Sorgen um Sale und Canning
Die Boston Red Sox können sich über das Verletzungspech des Erzrivalen nicht mal klammheimlich freuen, denn sie haben ihre eigenen Probleme. Ihr Top-Pitcher Chris Sale wird den Saisonbeginn verpassen und es ist völlig unklar, wie schlecht es um seinen Ellenbogen tatsächlich steht. Anfang der Woche ließ er seine Befunde von Dr. James Andrews untersuchen – eine Nachricht, die unter Baseballfans die Alarmglocken schrillen lässt, denn Dr. Andrews ist ein führender Spezialist für die berüchtigte Tommy-John-Surgery (TJS). Immerhin scheint es bei Sale laut verschiedenen Quellen nicht auf eine TJS hinauszulaufen, aber die Unklarheit über die Verletzung ist immer noch so groß, dass derzeit eine dritte Meinung eingeholt wird.
In einer ähnlichen Lage befindet sich Griffin Canning von den Los Angeles Angels. Der junge Starter musste schon die letzte Saison vorzeitig wegen Ellenbogenproblemen beenden und unterzieht sich derzeit mehreren Untersuchungen. Auch bei ihm besteht das Worst-Case-Szenario darin, dass er sich einer TJS unterziehen muss.

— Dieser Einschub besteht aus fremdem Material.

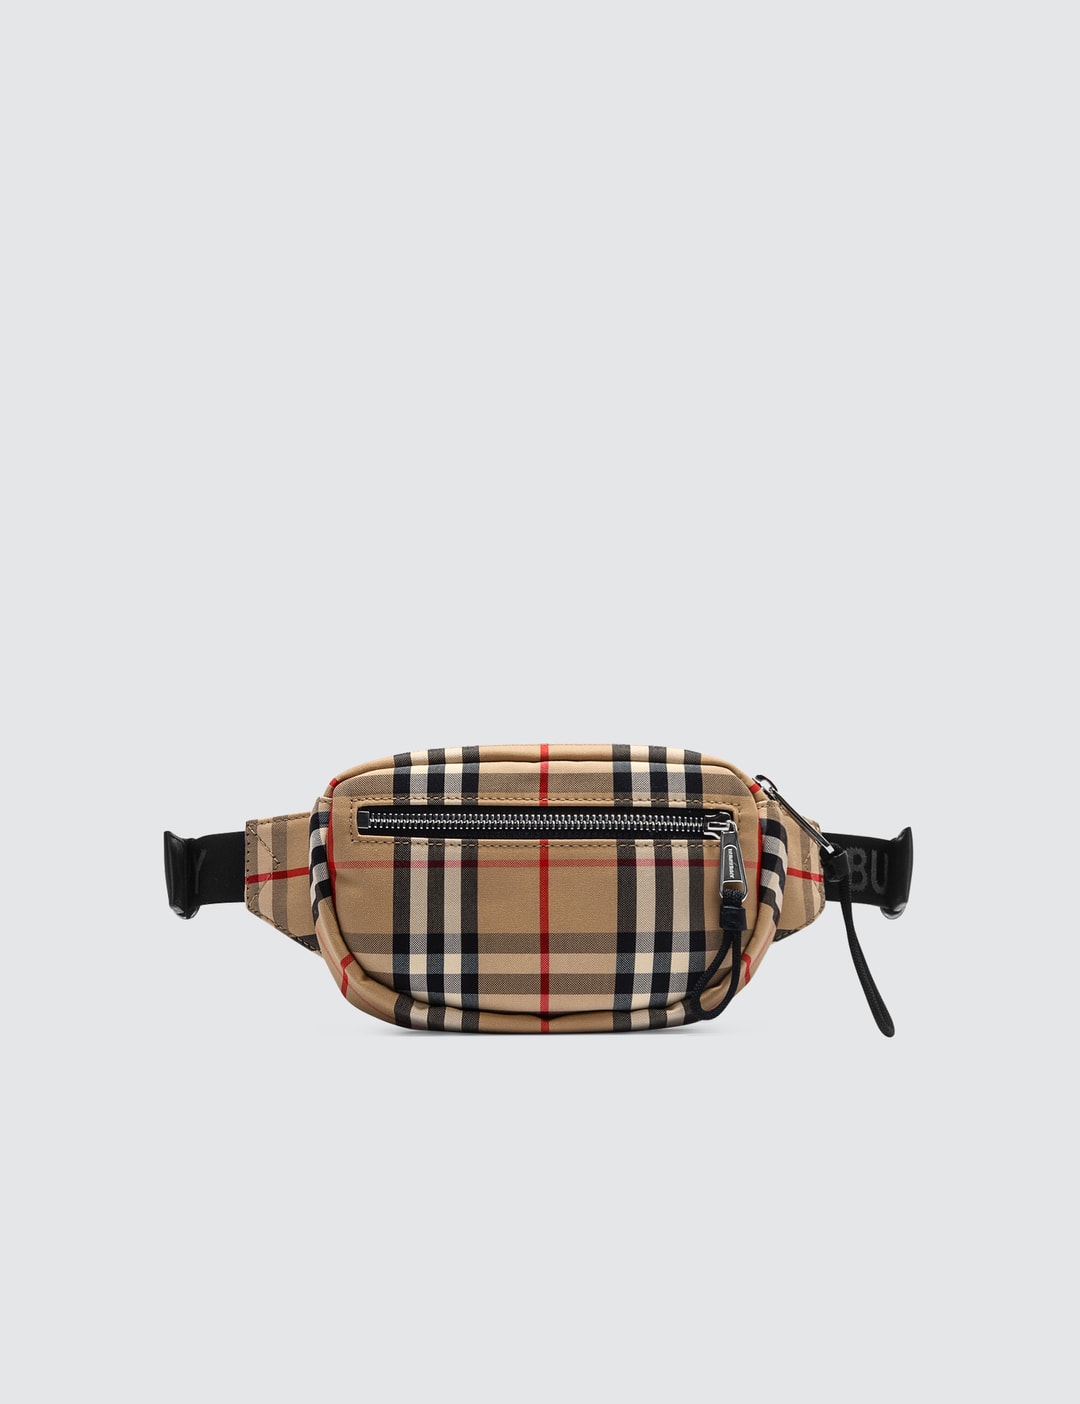 Burberry - Small Vintage Cannon Bum Bag | HBX - Curated Fashion and Lifestyle by Hypebeast
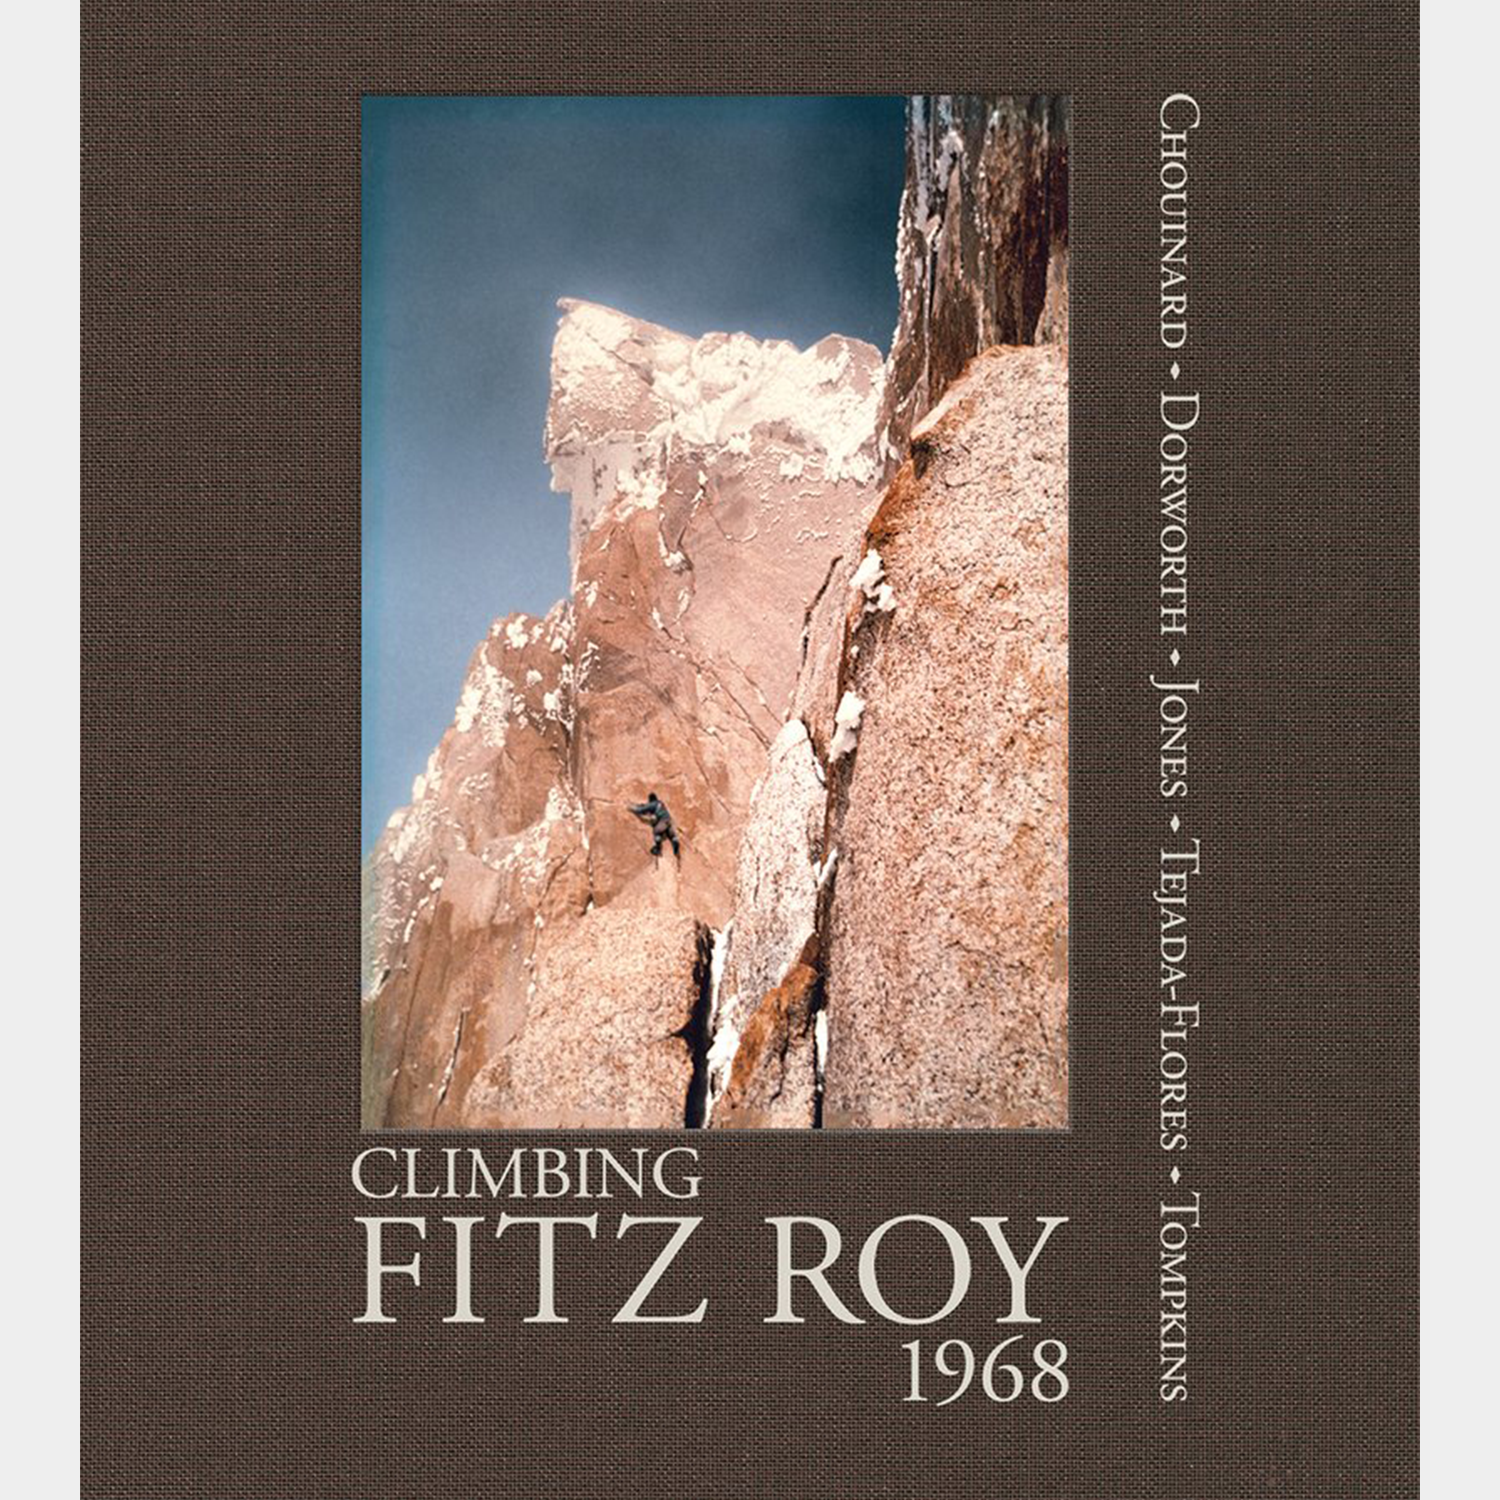 Climbing Fitz Roy, 1968 : Reflections on the Lost Photos of the Third Ascent

Corona-Auswirkungen nicht absehbar
In Italien, der Schweiz und anderen Staaten wurden bereits zahlreiche Fußballspiele ausgesetzt, in Japan werden die Spring-Training-Spiele der Nippon Baseball League derzeit ohne Zuschauer ausgetragen und gestern gab es im College-Basketball die ersten Spielabsagen im US-Sport. In diesem Licht drängt sich die Frage auf, ob das Coronavirus sich auch auf die bevorstehende MLB-Saison auswirkt. Eine befriedigende Antwort darauf kann zum jetzigen Zeitpunkt niemand geben. Bislang gibt es keine Pläne, Spiele abzusagen, zu verlegen oder die Öffentlichkeit auszuschließen, aber die Lage kann sich natürlich täglich ändern. MLB-Commissioner Rob Manfred hat eine Arbeitsgruppe eingesetzt, die die weitere Entwicklung beobachtet und bei Bedarf Maßnahmen vorschlägt. In einem Schreiben an alle Klubs wurde empfohlen, derzeit auf Autogramme und Händeschütteln zu verzichten, keine Reisen in besonders betroffene Länder zu unternehmen, laufend Kontakt mit den örtlichen Gesundheitsbehörden zu halten und sicherzustellen, dass alle Spieler gegen Grippe geimpft sind. Davon abgesehen bleibt dem professionellen Baseball nur dasselbe übrig wie uns allen: abwarten, was noch kommt.